▸ **Task to carry out**
Copy the listing exactly, please, and keep every picture out of it.

▸ **Provided material**
[Start of Attachment]
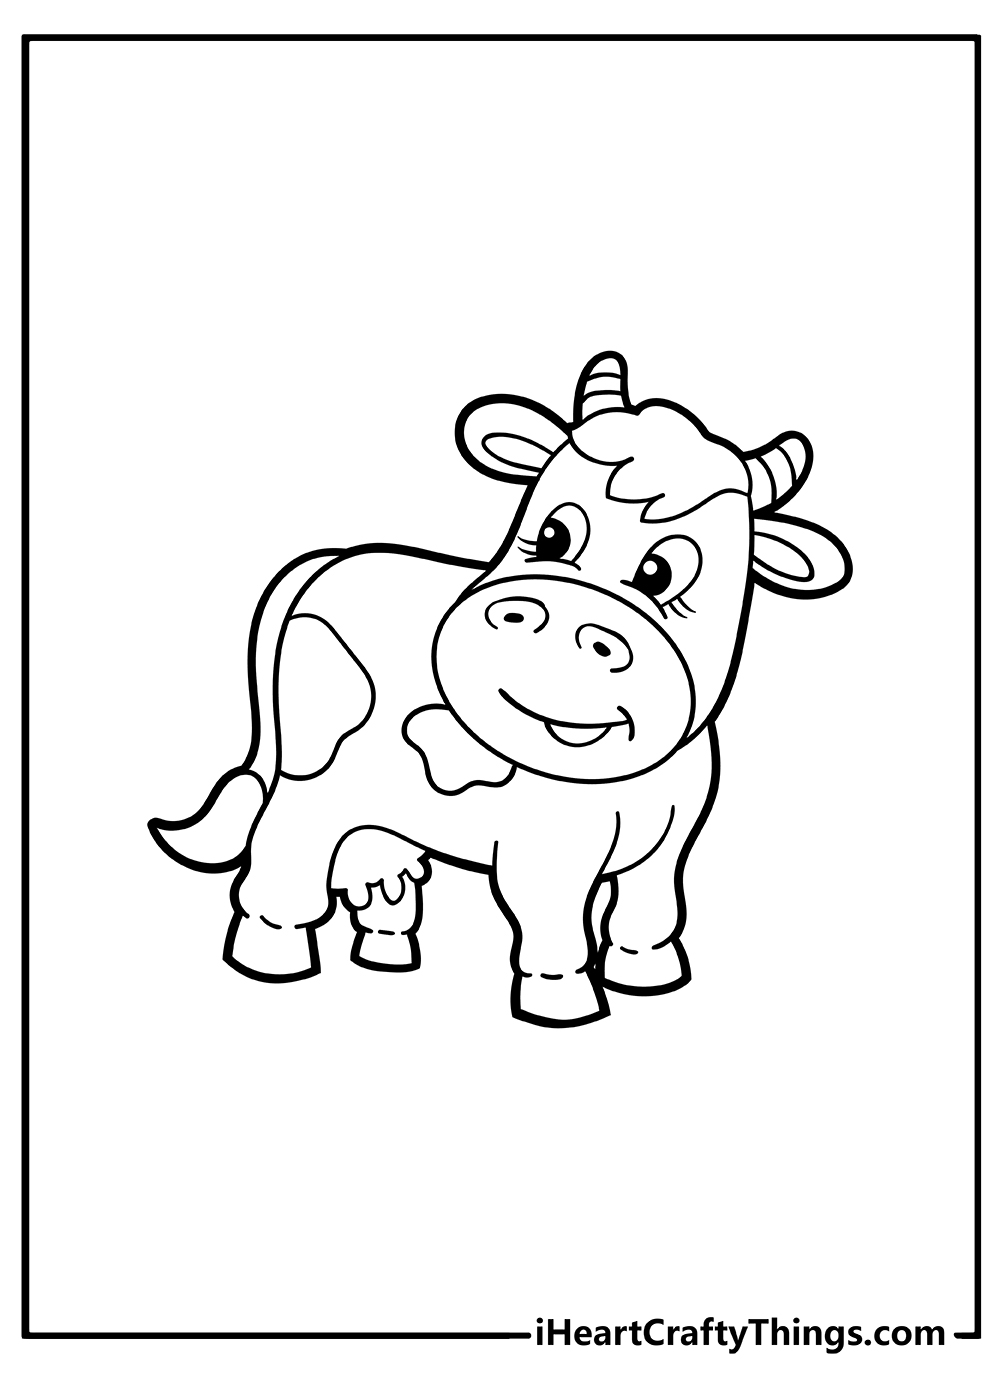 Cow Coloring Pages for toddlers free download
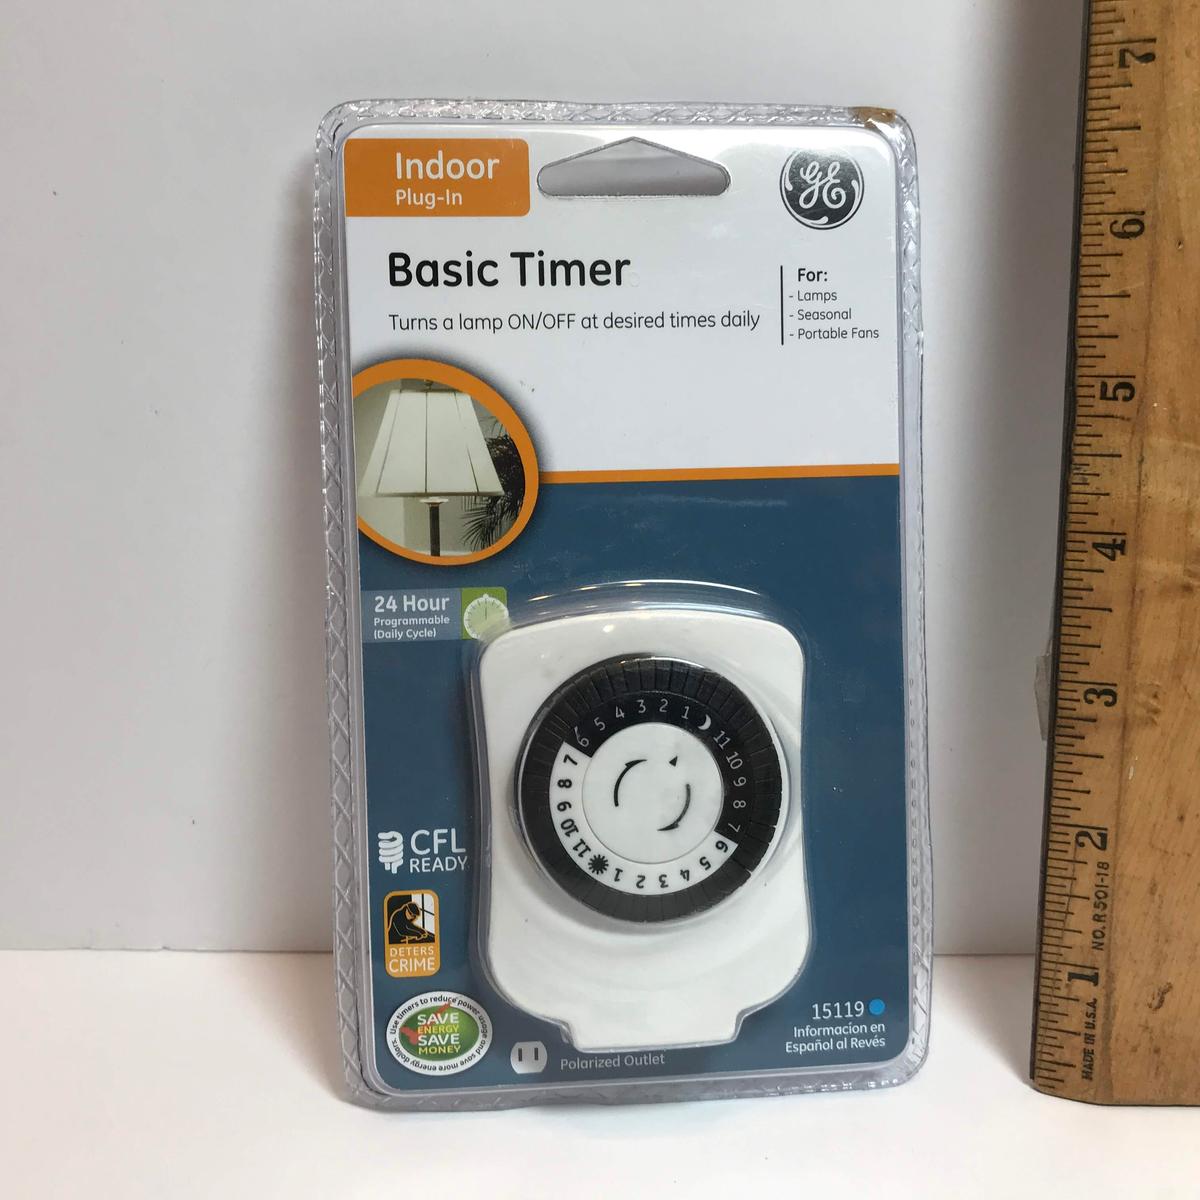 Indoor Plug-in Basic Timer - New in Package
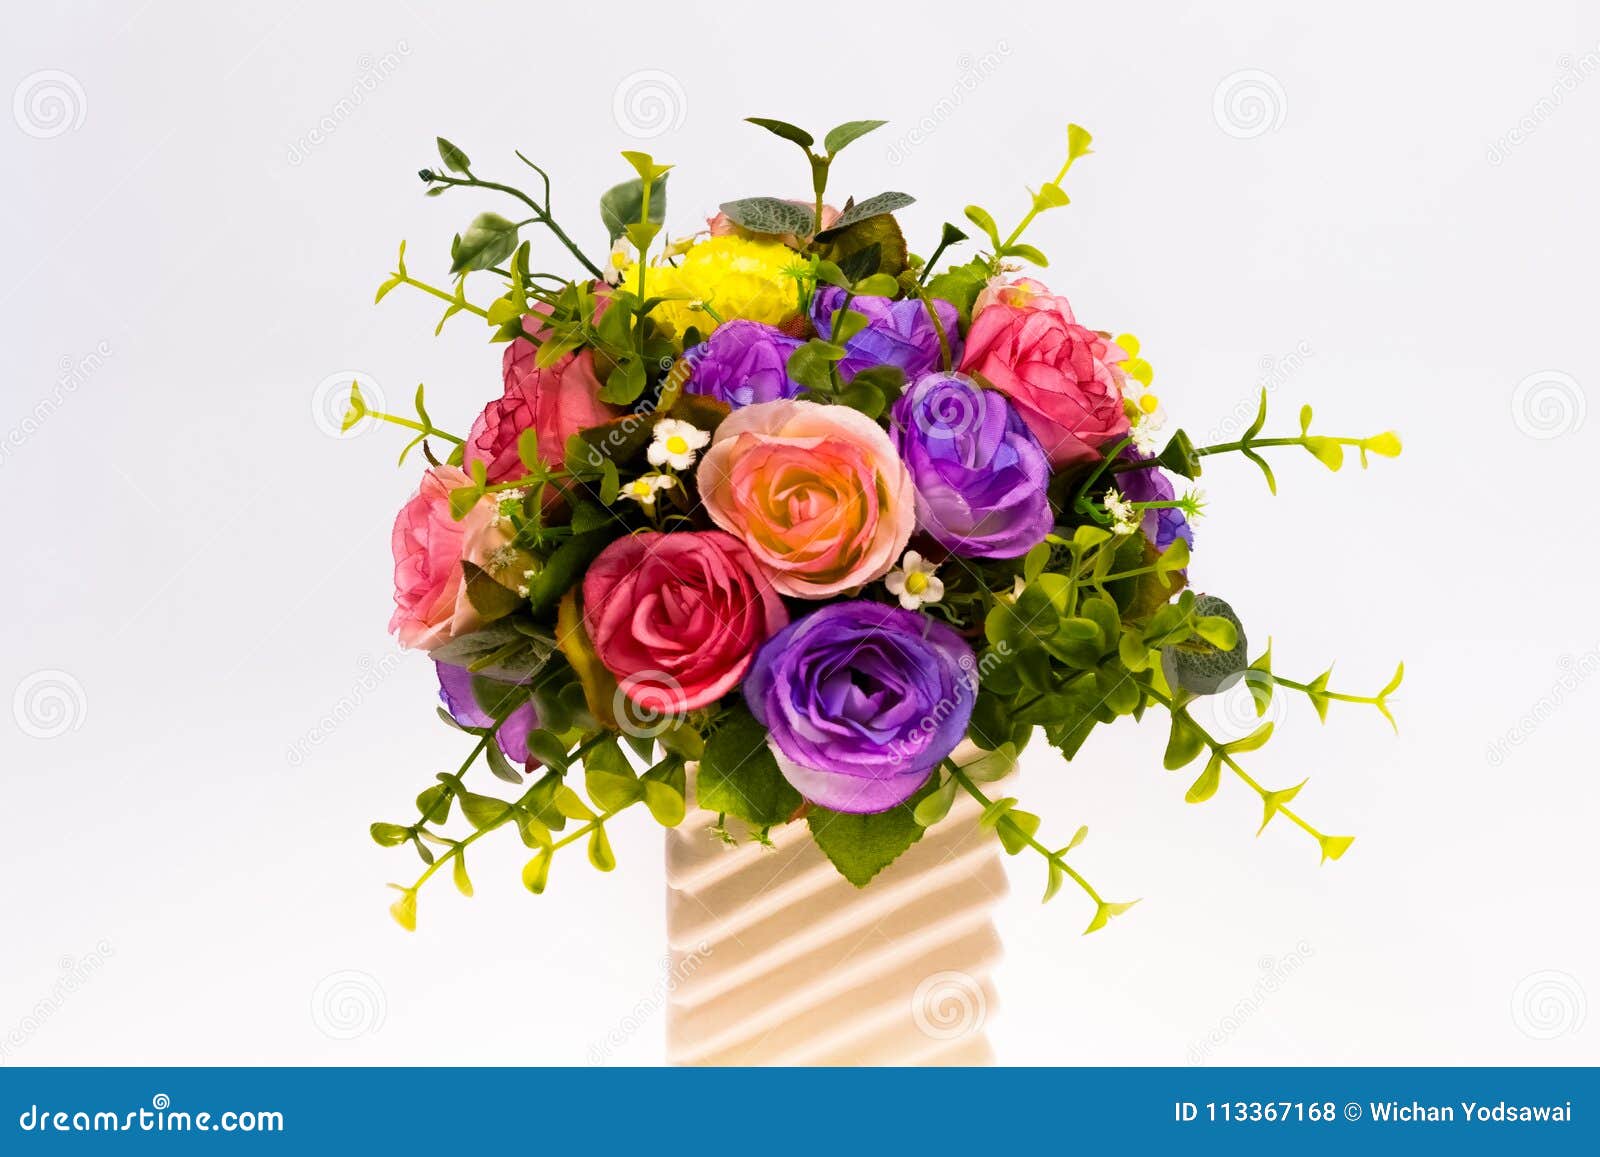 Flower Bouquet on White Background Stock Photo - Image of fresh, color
[End of Attachment]
▸ **Solution for this task**
 Cow Coloring Pages for toddlers free download
 Indoor Plug-in Basic Timer - New in Package
 Flower Bouquet on White Background Stock Photo - Image of fresh, color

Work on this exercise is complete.